I was asked by a customer the other day how to find out, using the ESXi command line, how much disk space a thin provisioned virtual machine disk consumes. Back in the ESX days you used the du command to query the virtual machine disk and in ESXi, version 5.5, you need to use the stat command.
Fot this example i created a virtual machine, vcdx56-01, and added 2 virtual disks with 2 GB capacity each.
Hard disk 1 uses the provisioning mode “Thick provision lazy zero” meaning all the space is allocated on the VMFS datastore but no zeroes are written to the disk.
Hard disk 2 uses the provisioning mode “Thin provisioning”
By running the command “ls -l *-flat.vmdk” in the the virtual machine home directory we can see that both disk files are listed with the size of approximately 2 GB.
The thin provisioned disk is the “vcdx56-01_1-flat.vmdk” file. There are actually two disk files per virtual disk:
- vcdx56-01_01.vmdk – Disk descriptor file
- vcdx56-01_01-flat.vmdk – The virtual machine data
I decided to only show you the -flat.vmdk file in the example above since these files contains the actual virtual machine data.
In the virtual machine we can see that our thin provisioned disk uses about 432 MB of the available 2 GB.
Now we can use the ESXi stat command to determine the disk space usage from the ESXi perspective.
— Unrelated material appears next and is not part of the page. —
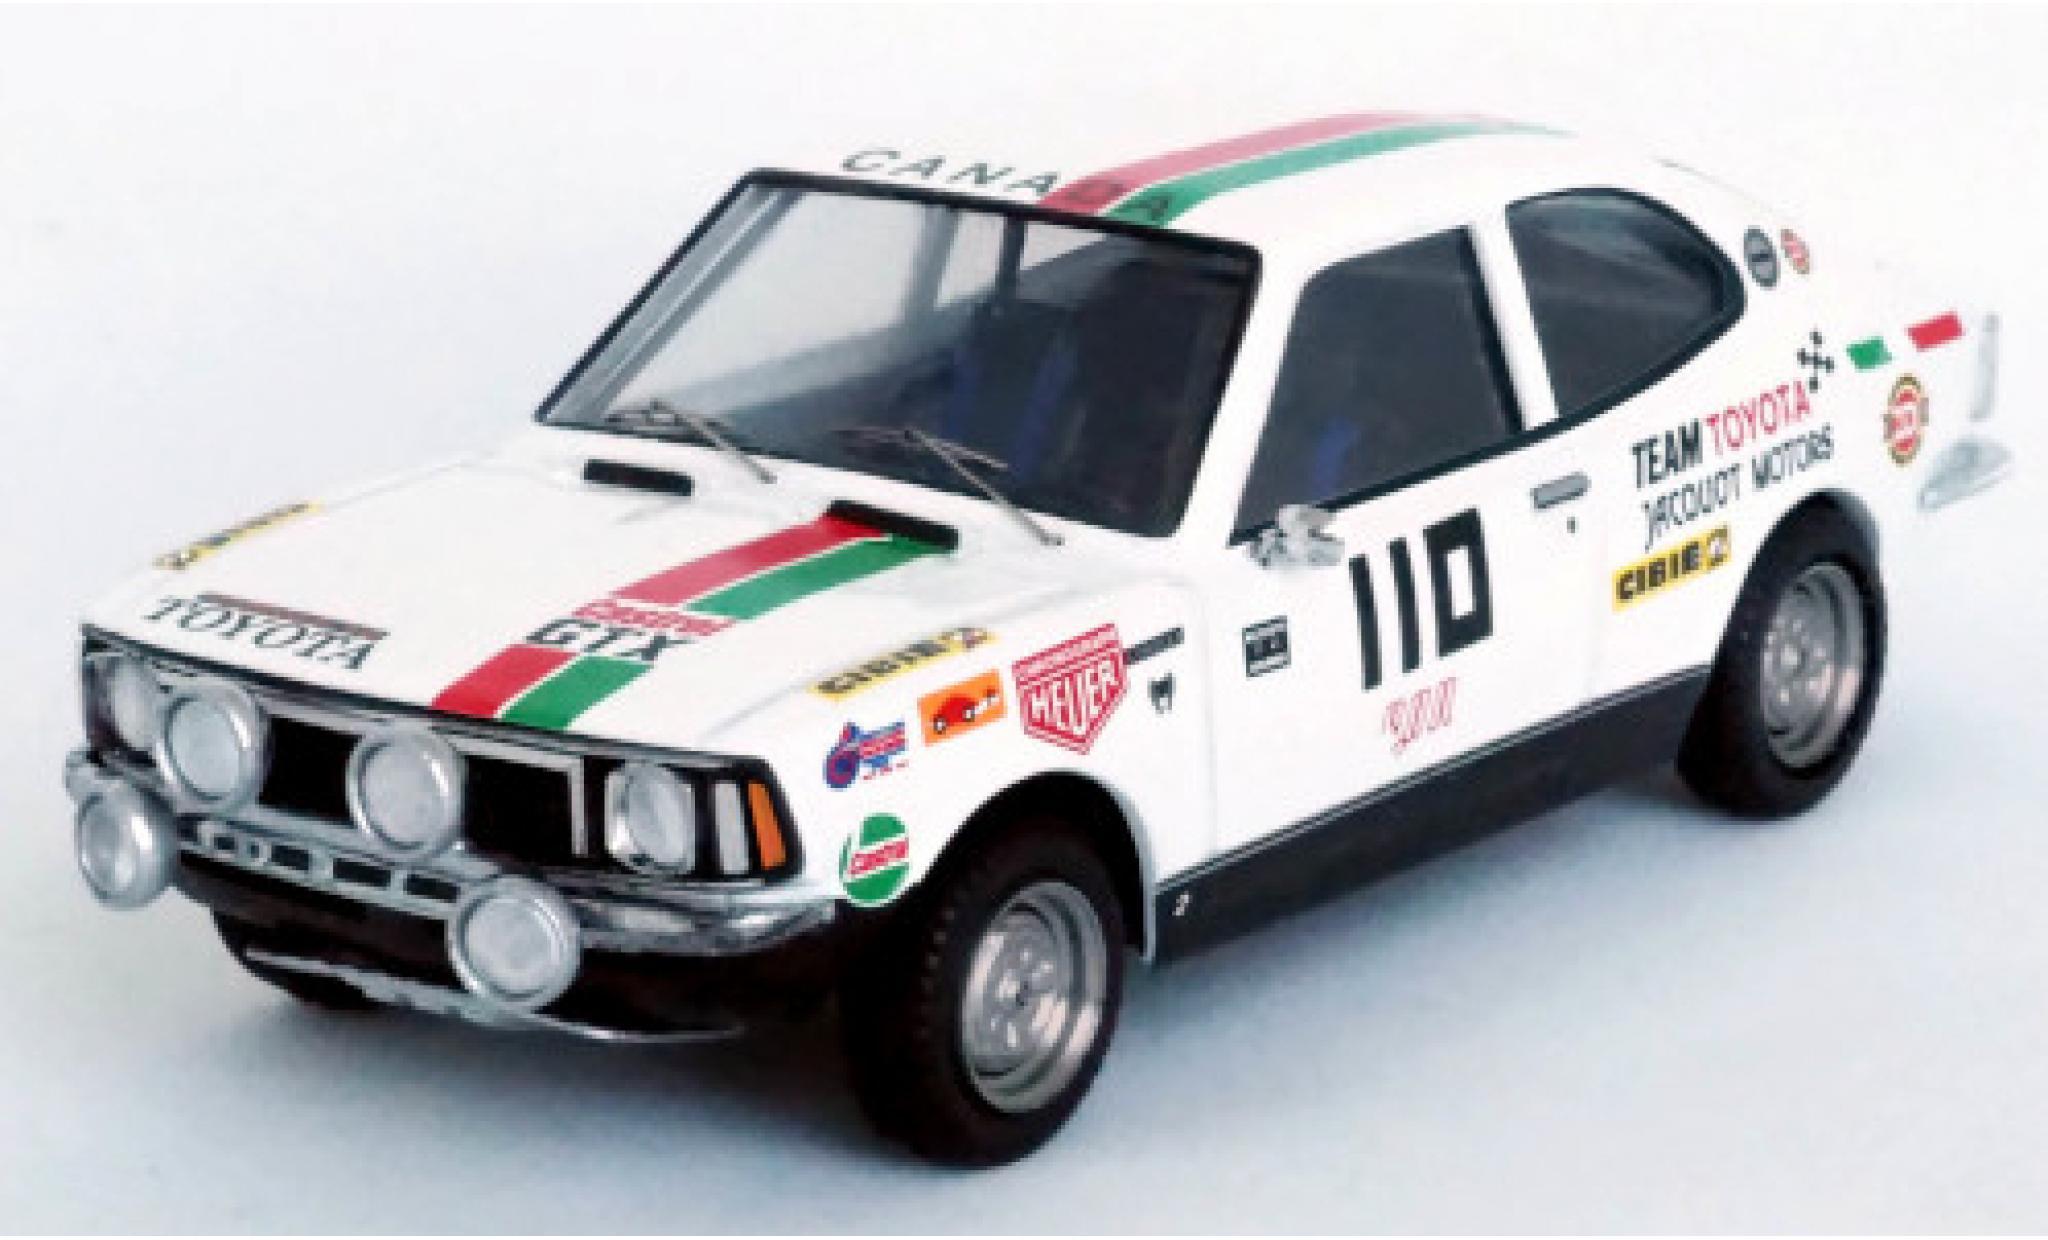 Toyota Corolla 1/43 Trofeu Levin No.110 Team Jacquot Motors Castrol Rally Press-on-Regardless 1973 W.Boyce/D.Woods

Run the following commands:
- stat vcdx56-01_1-flat.vmdk – This command will give you the below output and the interesting thing are the numbers next to the “Blocks” section:
- stat -c %B vcdx56-01_1-flat.vmdk – This command will give you the block size:
Now you can easily determine the disk space usage by multiplying the blocks and the block size. In my case:
884736 * 512 = 452984832
This is the actual disk space usage in bytes and to make it easier to read, you can divide it two times with 1024 to get the disk space usage in MB. In my case it will be 432 MB and this matches what we saw from within the virtual machine.
I also told my customer, my first reply before getting into the stat command discussion, that he could verify the same thing by using the vSphere Web Client by browsing the datastore where the virtual machine is placed. The below picture shows pretty much the same disk usage value as determined by the stat command earlier.Remember that the “browse datastore” section in the vSphere Web Client does not include the virtual machine flat disk file. It only lists a combination of, in my case, the vcdx56-01_01.vmdk and vcdx56-01_1-flat.vmdk files. However, when you try to download the vmdk file via the vSphere Web Client “browse datastore” section you’ll get both files.